A number of genes are known to be involved in glucose homeostasis. Mutations and polymorphisms in candidate genes may effect insulin production, action or resistance. This study was designed to report the association of genetic polymorphism with the type 2 diabetes (T2D) in Pakistani population. A total of 458 subjects (case n=288, control n=170) participated in the study. Nine single nucleotide polymorphisms were investigated in genes IDE (rs6583813 C>T, rs7910977 C>T), POU2F1 (rs3767434 A>T, rs10918682 A>T, rs2146727 A>G), WFS1 (rs734312 A>G), PON1 (rs854560 T>A), IL1α (rs1800587 C>T) and IL1β (rs1143634 C>T). Genotyping was performed by DNA sequencing after nested polymerase chain reaction of targeted regions.
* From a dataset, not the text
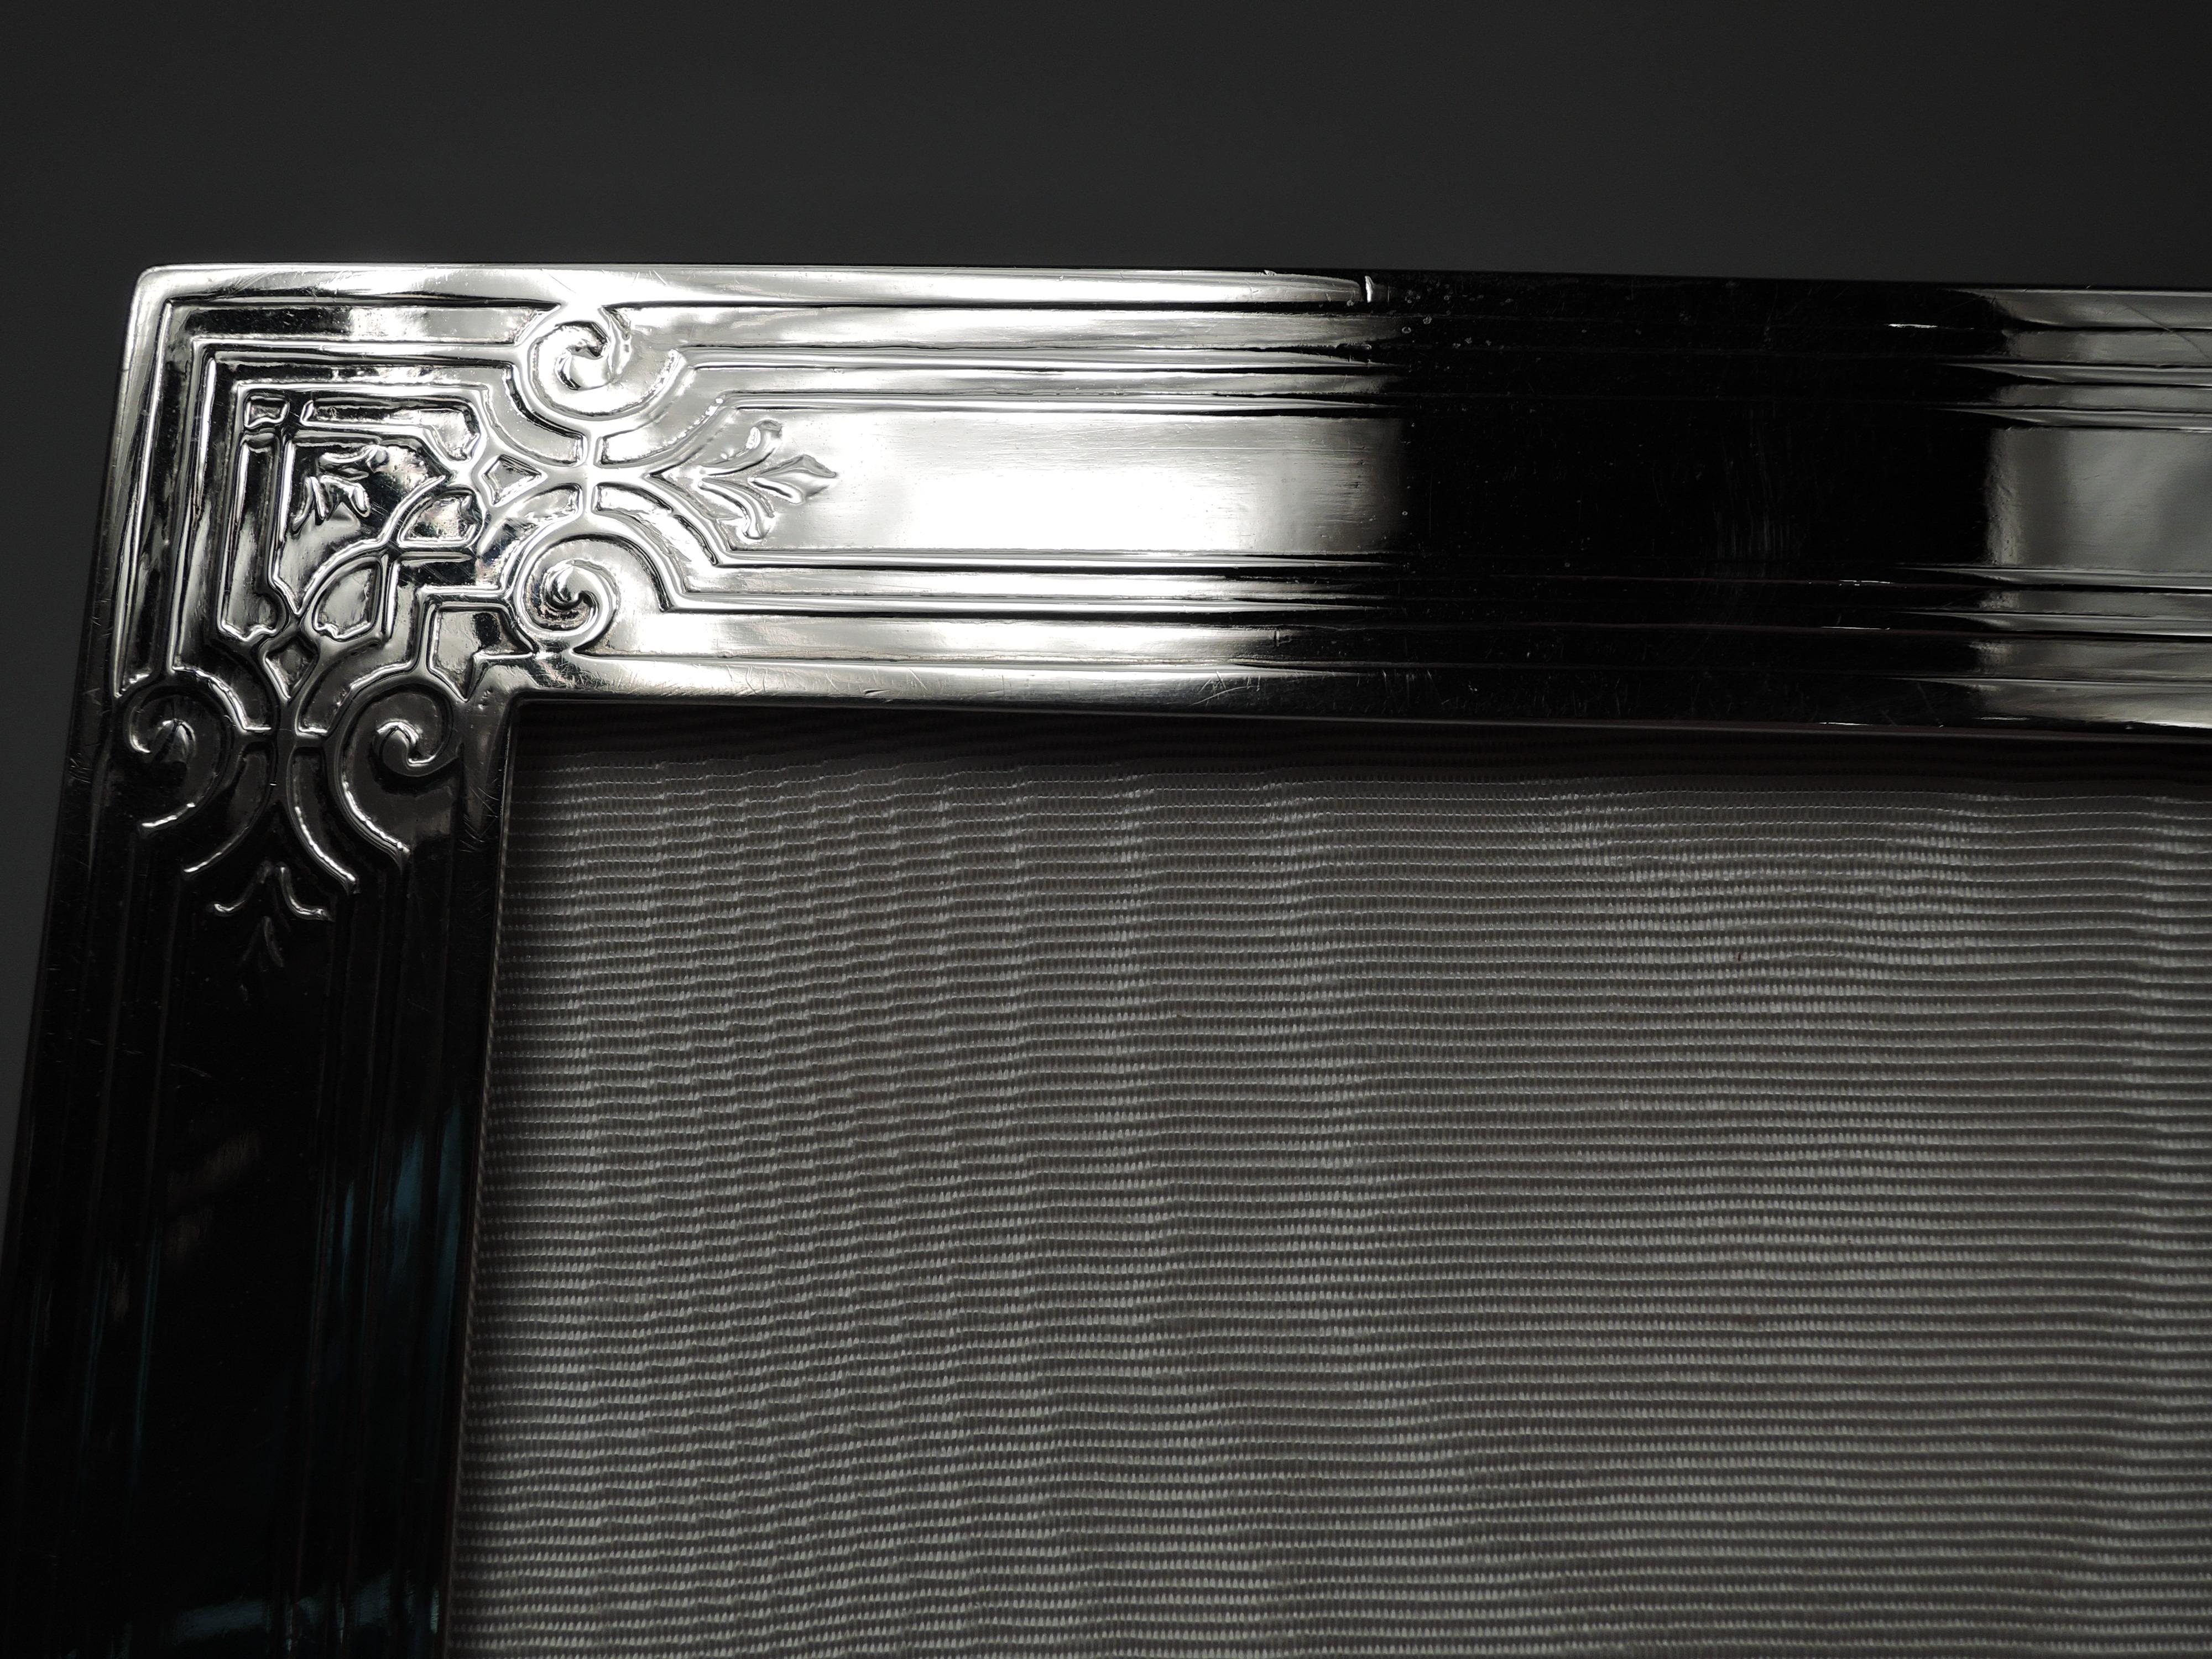 Very large Edwardian Classical sterling silver picture frame. Made by Tiffany & Co. in New York, ca 1910. Rectangular window in flat surround. On front acid-etched curvilinear frames with stylized leaves and fretwork corners. Sides and top have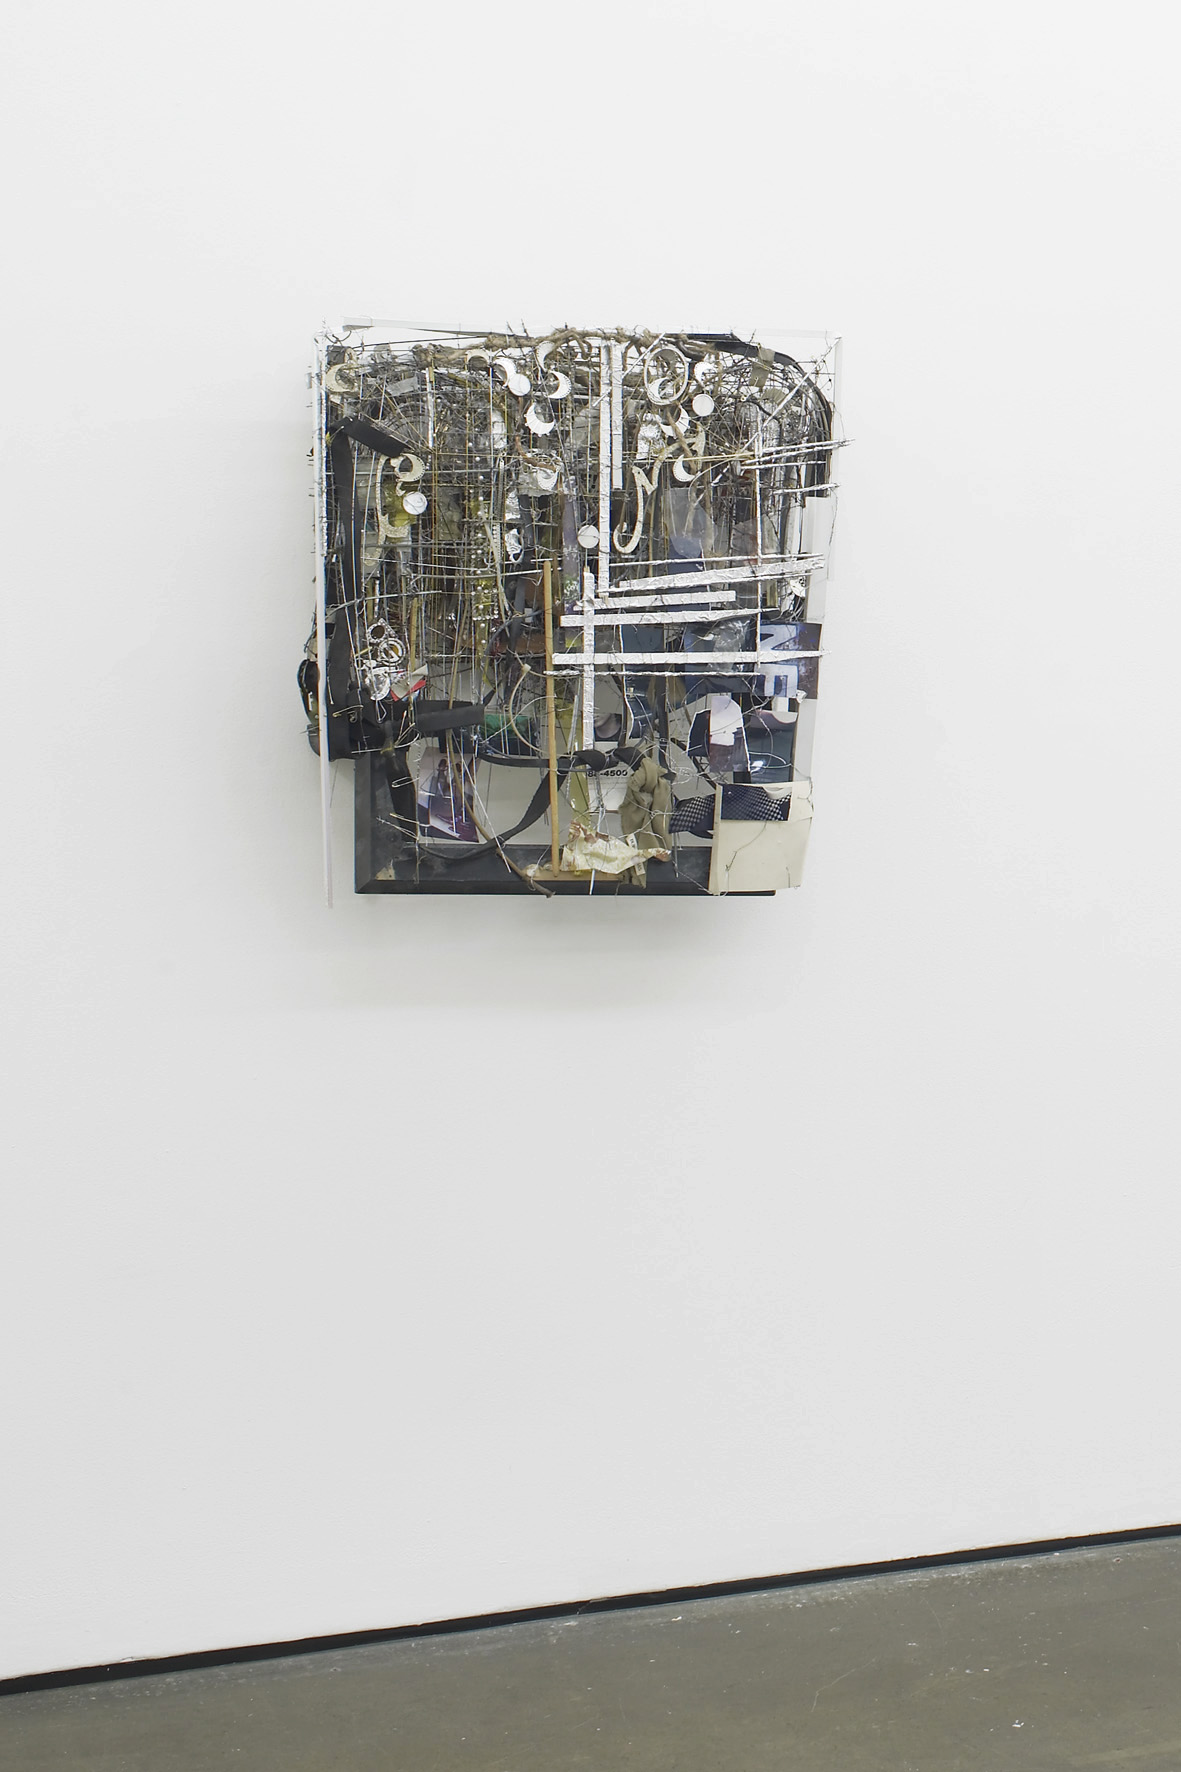     Robert Bittenbender Passion Avenue 2015 Wood, steel, photographs, aluminium, plastic, acrylic glass, jewelry, rubber, rope, paper, clothespins, zipties, metal wires,chains, assorted tubes, bottles 80 × 67 × 22 cm / 31.5 × 26.3 × 8.6 in HS12-RB545

Results indicated that rs7910977 in IDE showed significant association with the development of T2D [P=0.012, OR 1.677 (95% CI 1.112-2.438)]. The rs10918682 in POU2F1 was associated with T2D [P<0.001, OR 3.606 (95% CI 2.165-6.005)]. The rs854560 in PON1 was associated with incidences of T2D and increased the risk of cardiovascular complications [P=0.031, OR 0.663 (95% CI 0.455-0.965)] in diabetics. The rs734312 from WFS1 gene was associated with diabetes at genotype level (P<0.01). Haplotype analysis of rs1800587-rs1143634 depicted CC haplotype increased the susceptibility to diabetes (P<0.05). Haplotype GAA from rs2146727-10918682-rs3767434 was protective against diabetes (P<0.01) and GGA exhibited the association with T2D (P<0.01). Haplotype CT from rs6583813-rs7910977 was protective against diabetes (P=0.02). Our study provided evidence to IDE, PON1, WFS1, POU2F1, IL1α and IL1β associated with T2D in Pakistanis.